» Dataset section:
┄┄┄┄┄┄┄┄┄┄┄┄┄┄┄┄┄┄┄┄

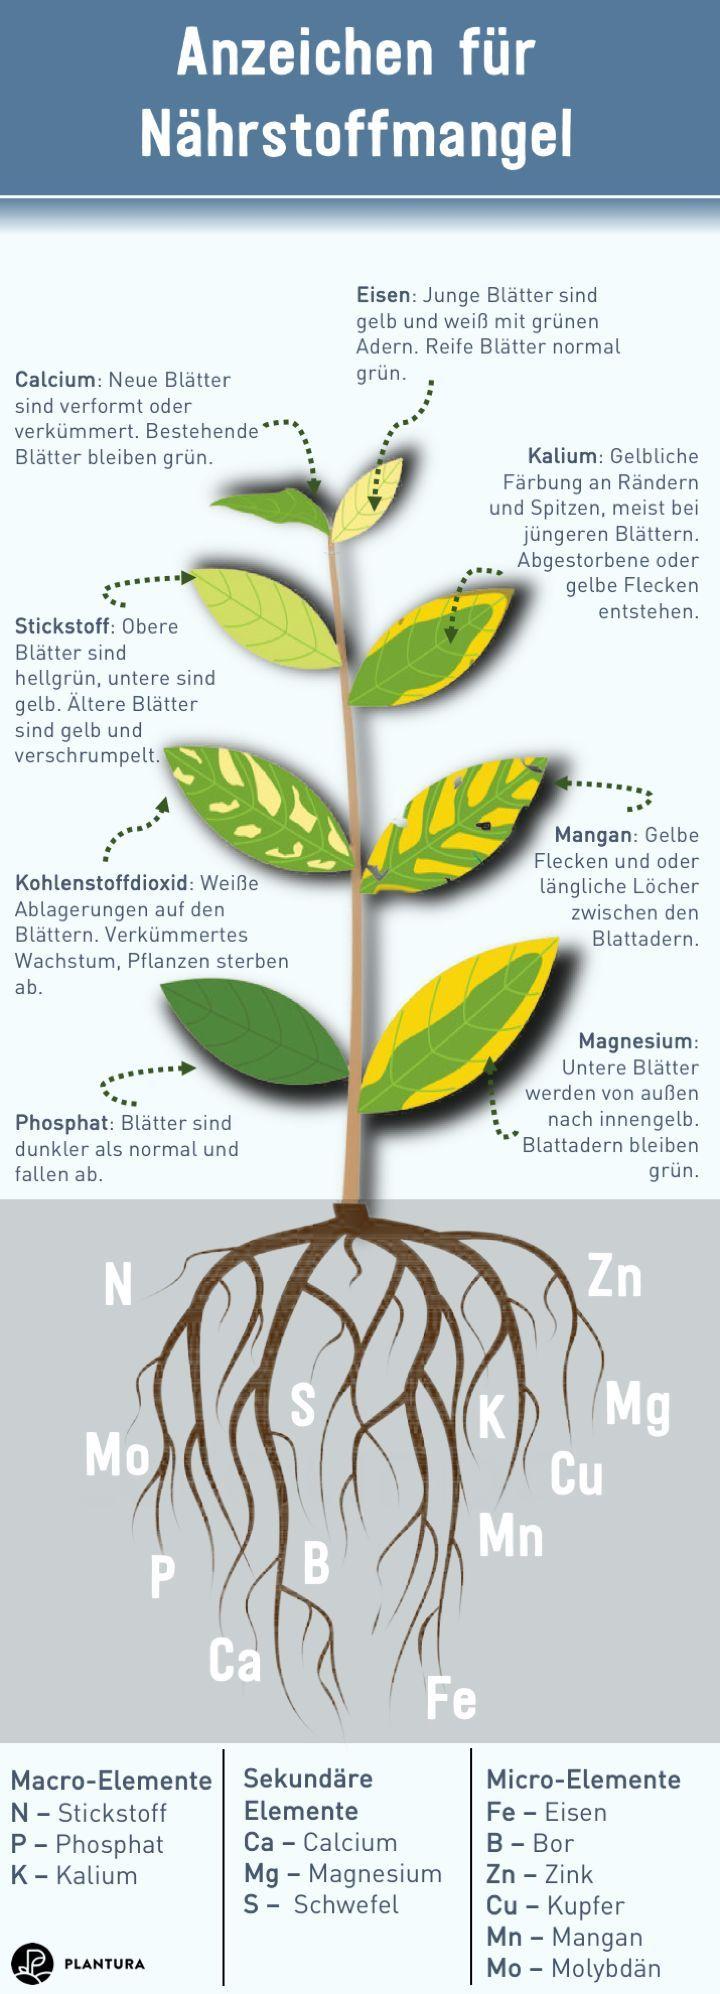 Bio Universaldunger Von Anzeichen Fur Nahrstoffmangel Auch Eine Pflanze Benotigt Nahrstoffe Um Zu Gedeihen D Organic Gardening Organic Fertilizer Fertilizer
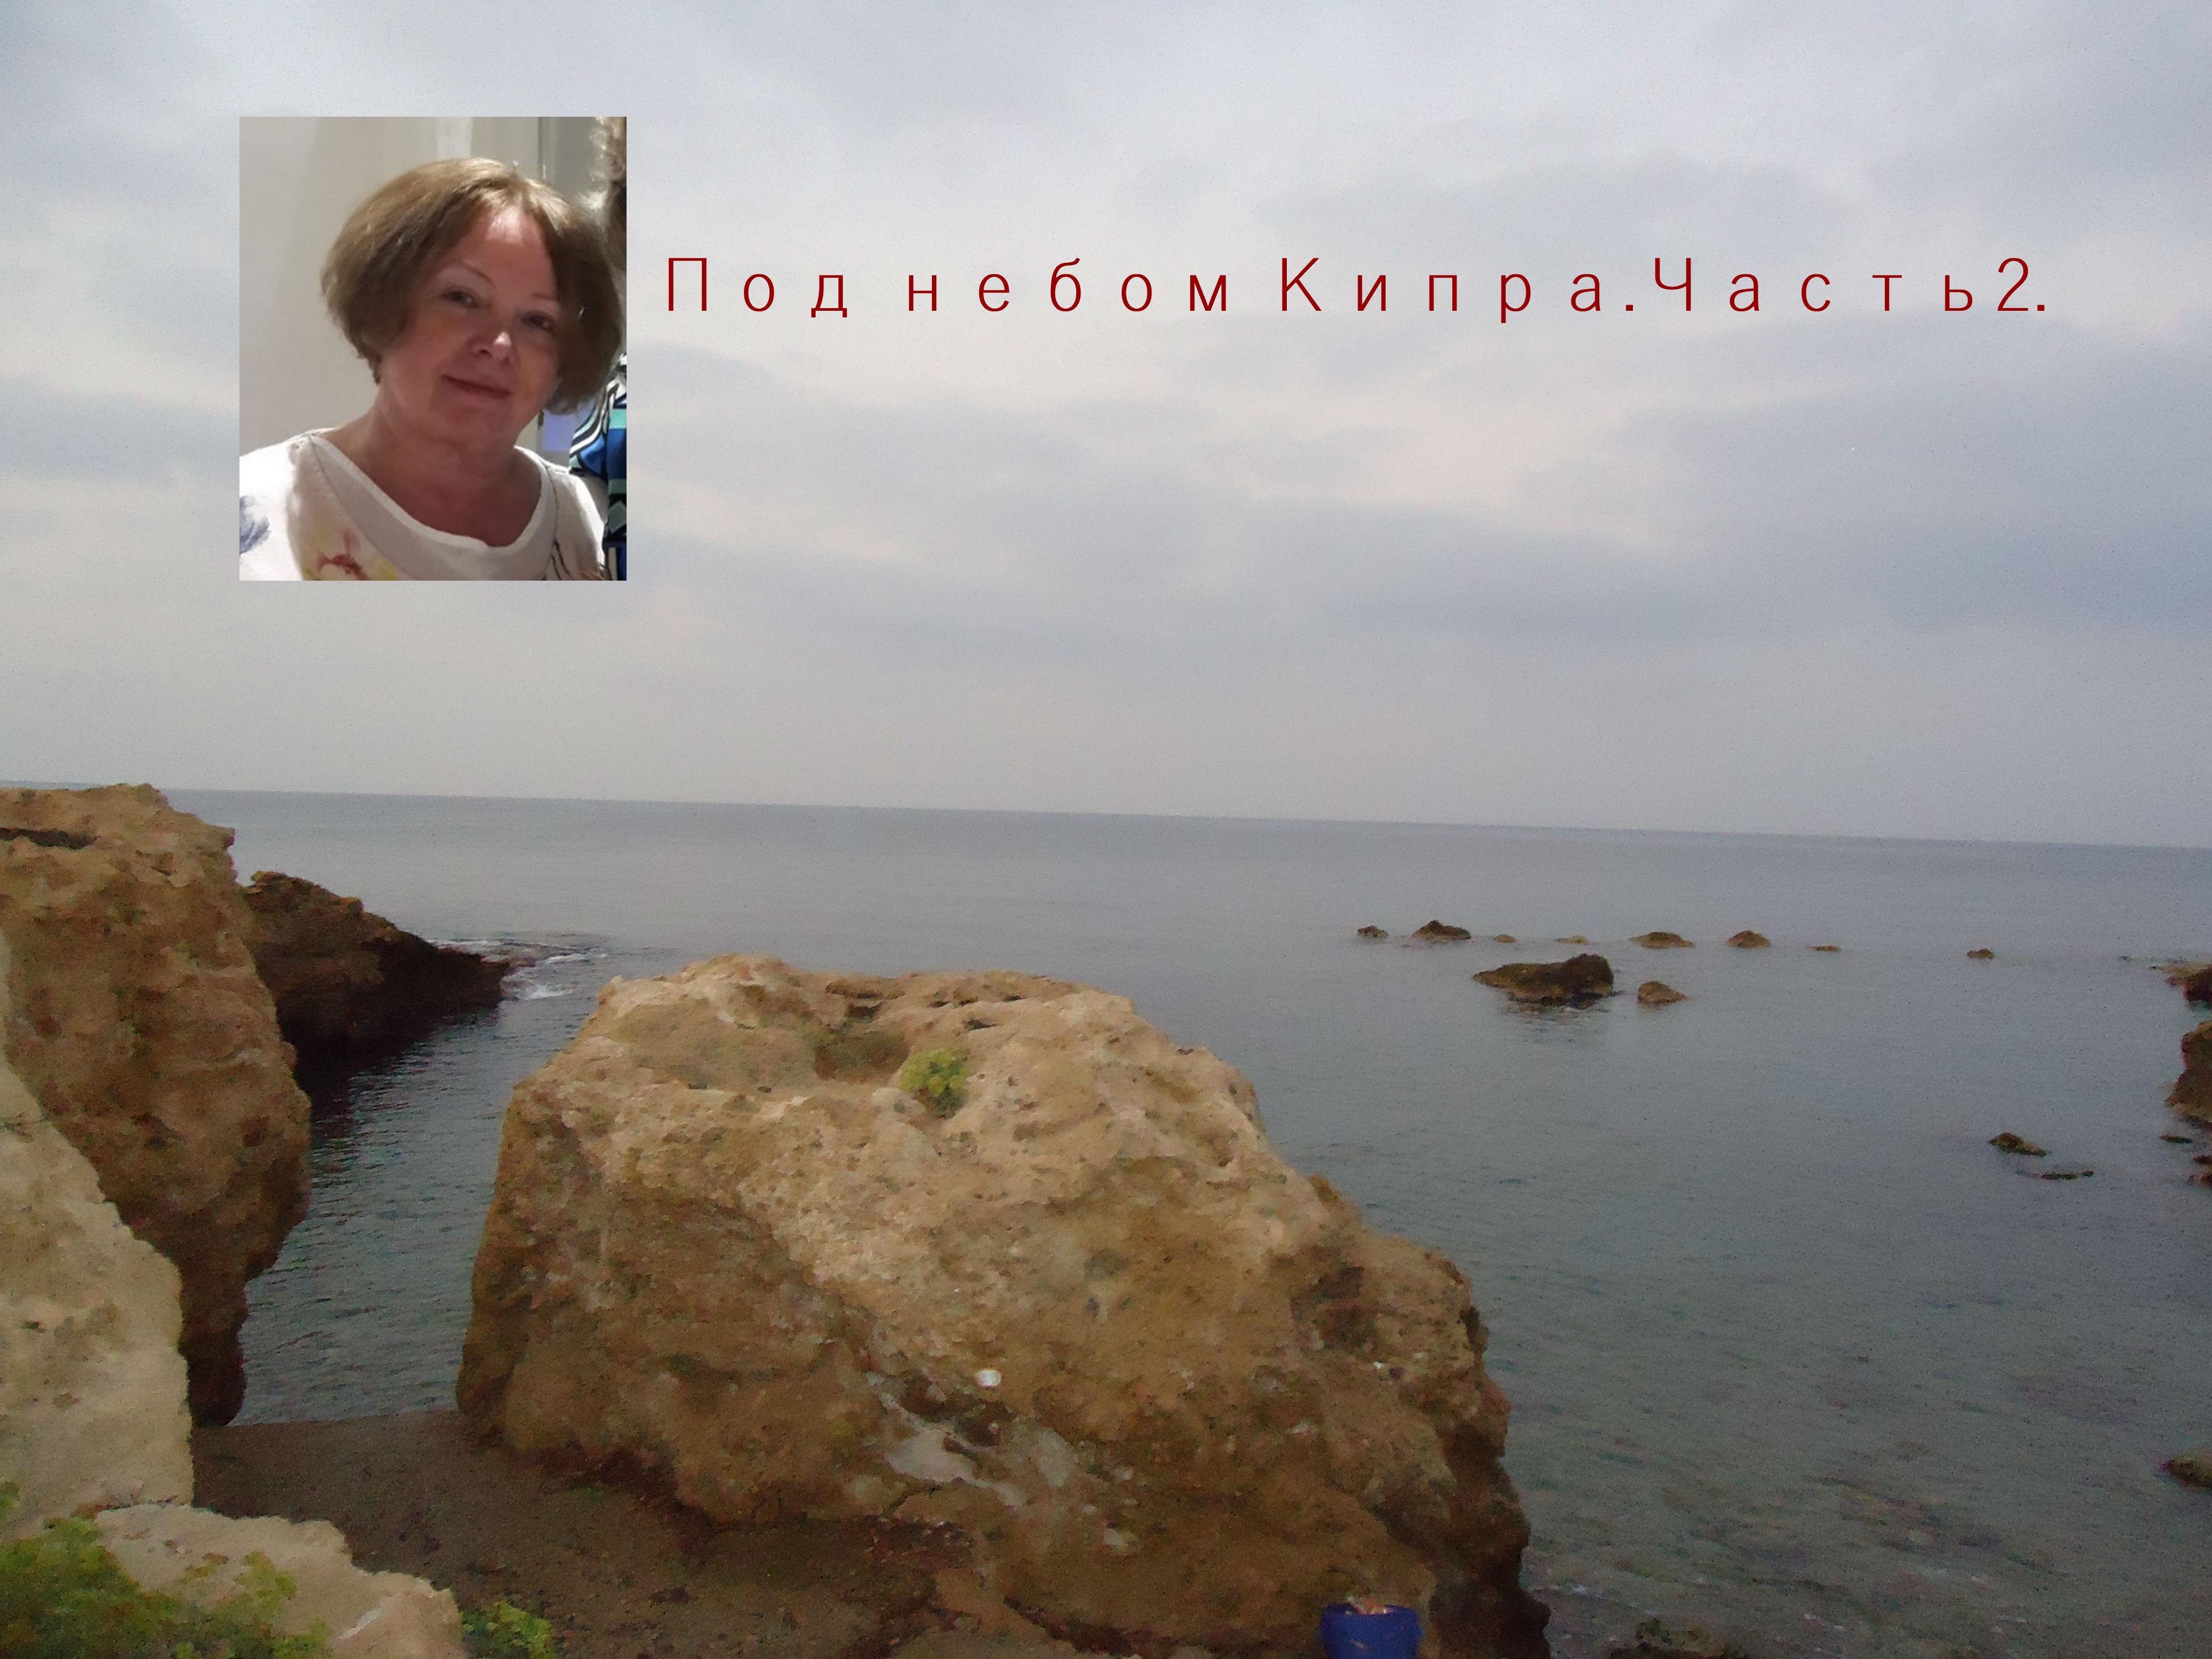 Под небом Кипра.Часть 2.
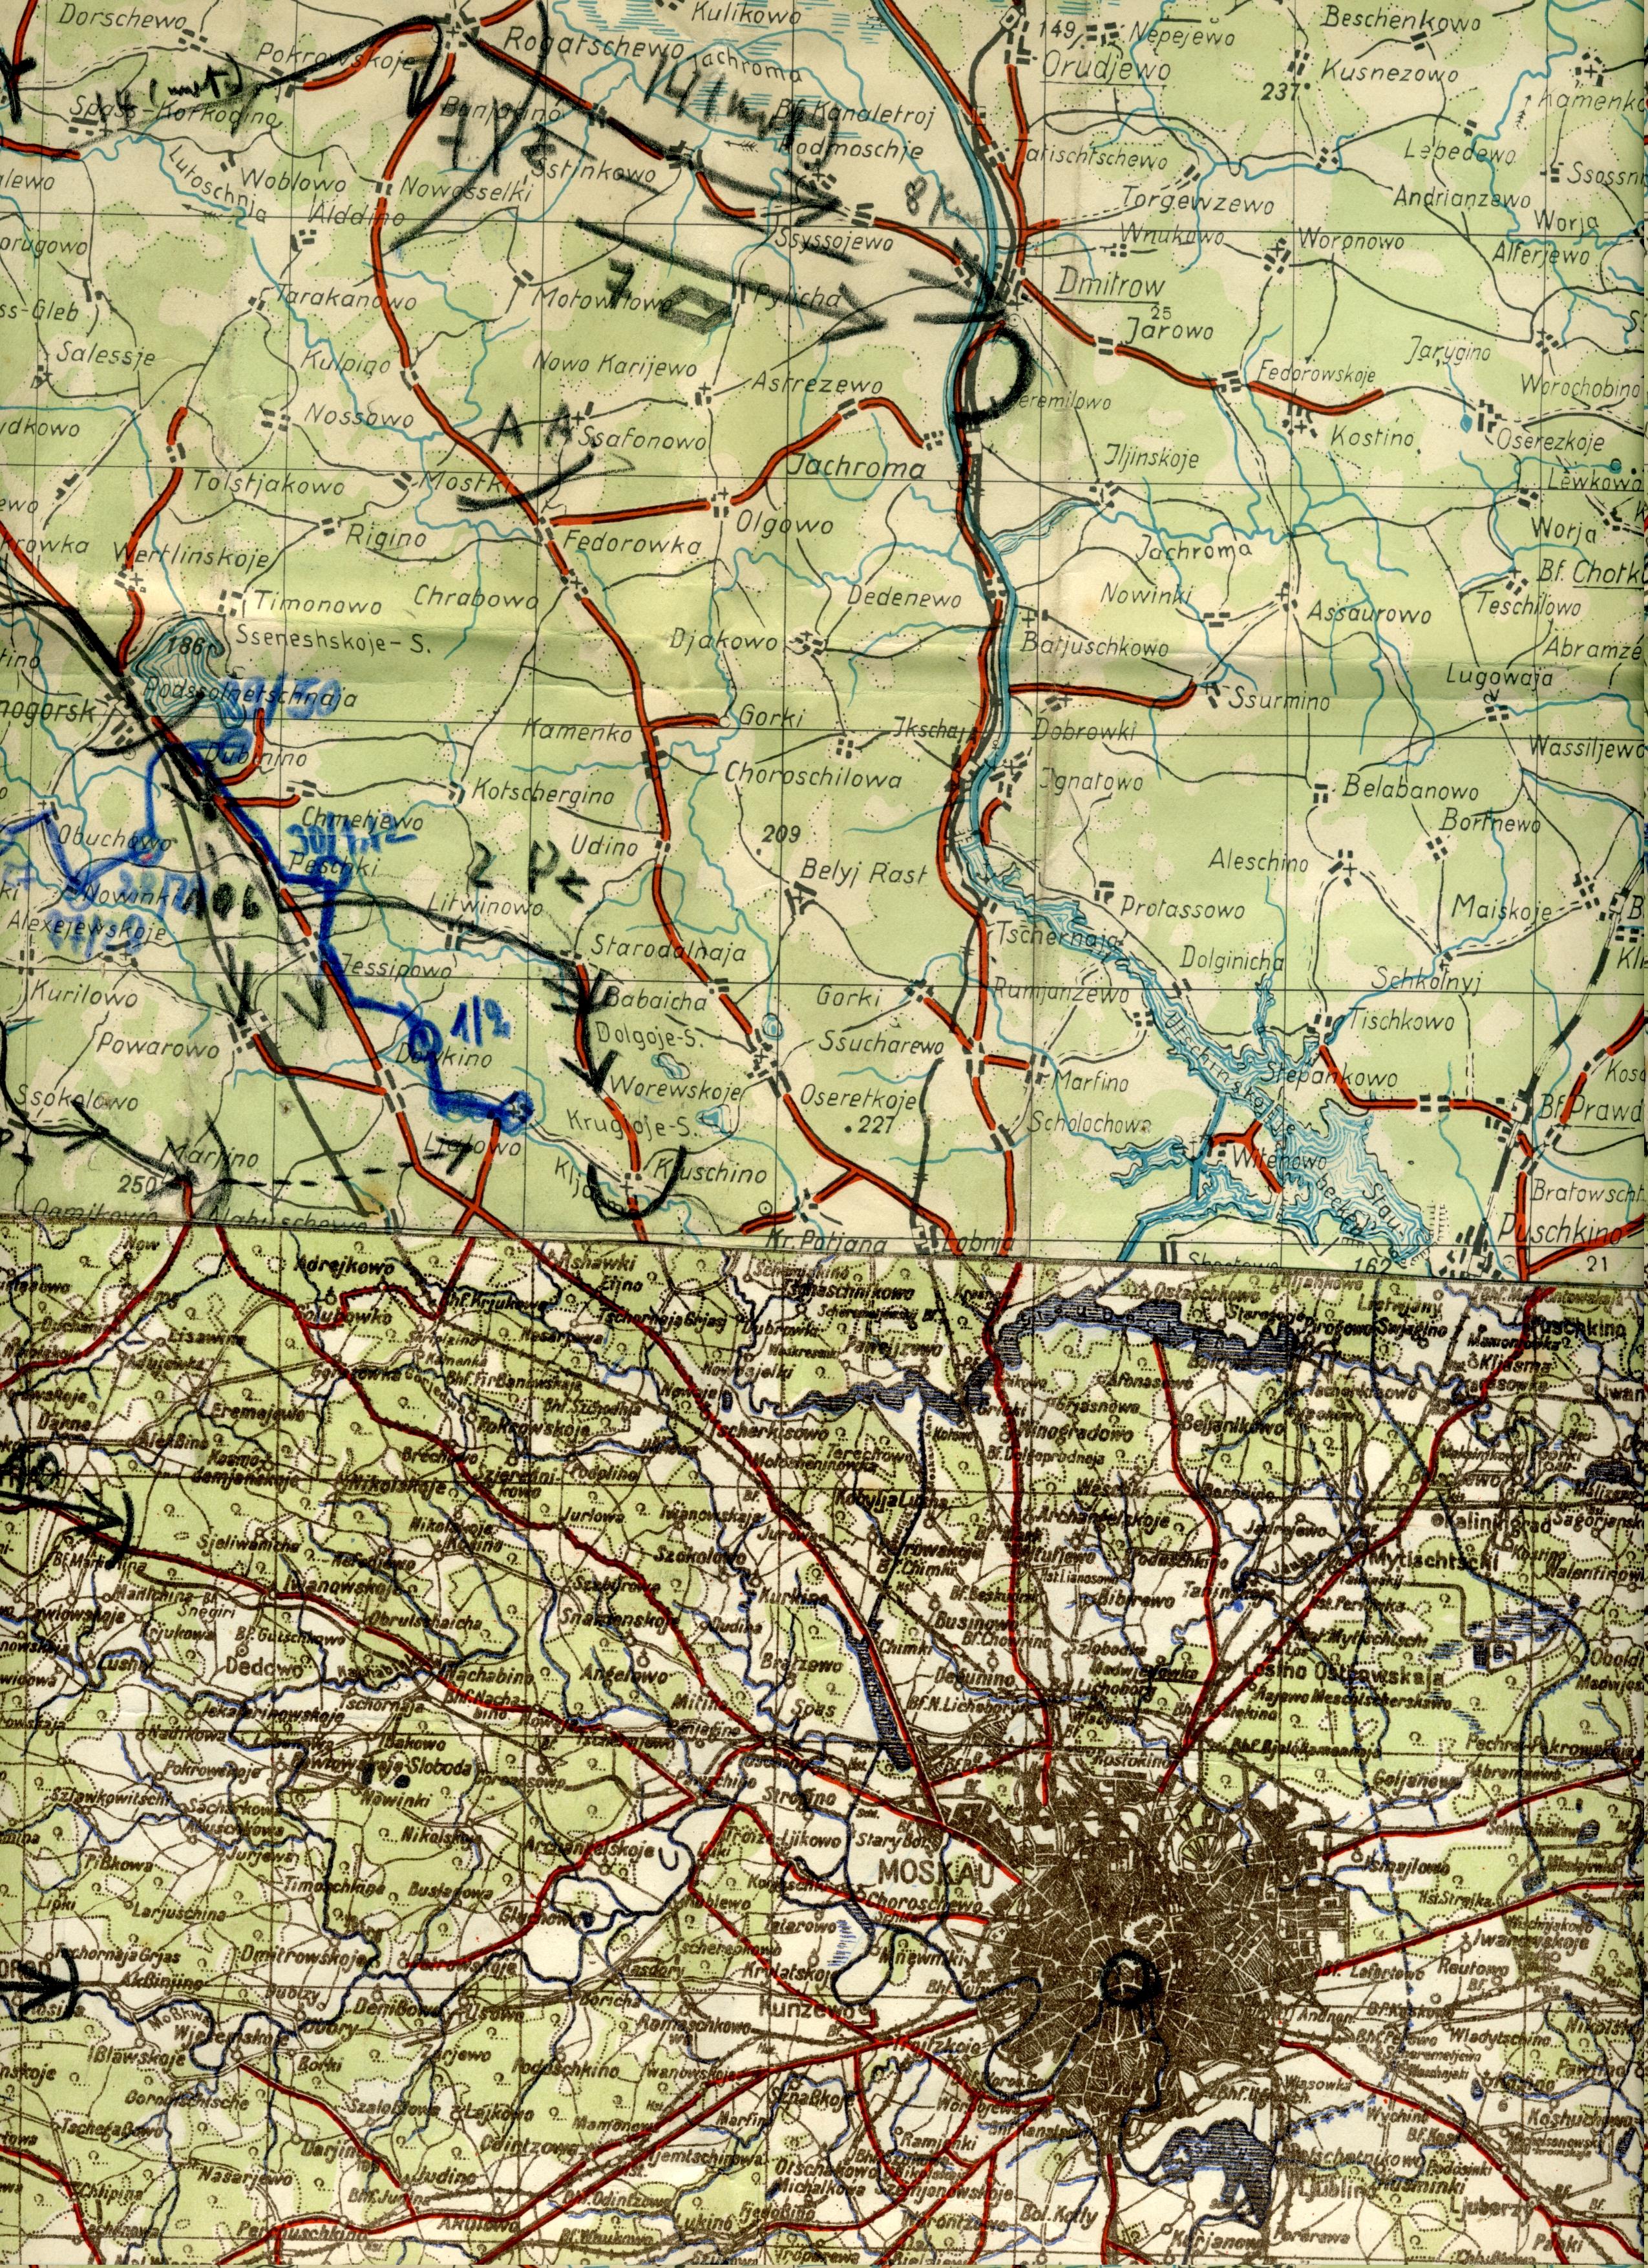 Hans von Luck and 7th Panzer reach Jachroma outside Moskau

┄┄┄┄┄┄┄┄┄┄┄┄┄┄┄┄┄┄┄┄

» Task directions:
Retype the data above as given, letting no picture into the copy.

» Your solution:
 Bio Universaldunger Von Anzeichen Fur Nahrstoffmangel Auch Eine Pflanze Benotigt Nahrstoffe Um Zu Gedeihen D Organic Gardening Organic Fertilizer Fertilizer
 Под небом Кипра.Часть 2.
 Hans von Luck and 7th Panzer reach Jachroma outside Moskau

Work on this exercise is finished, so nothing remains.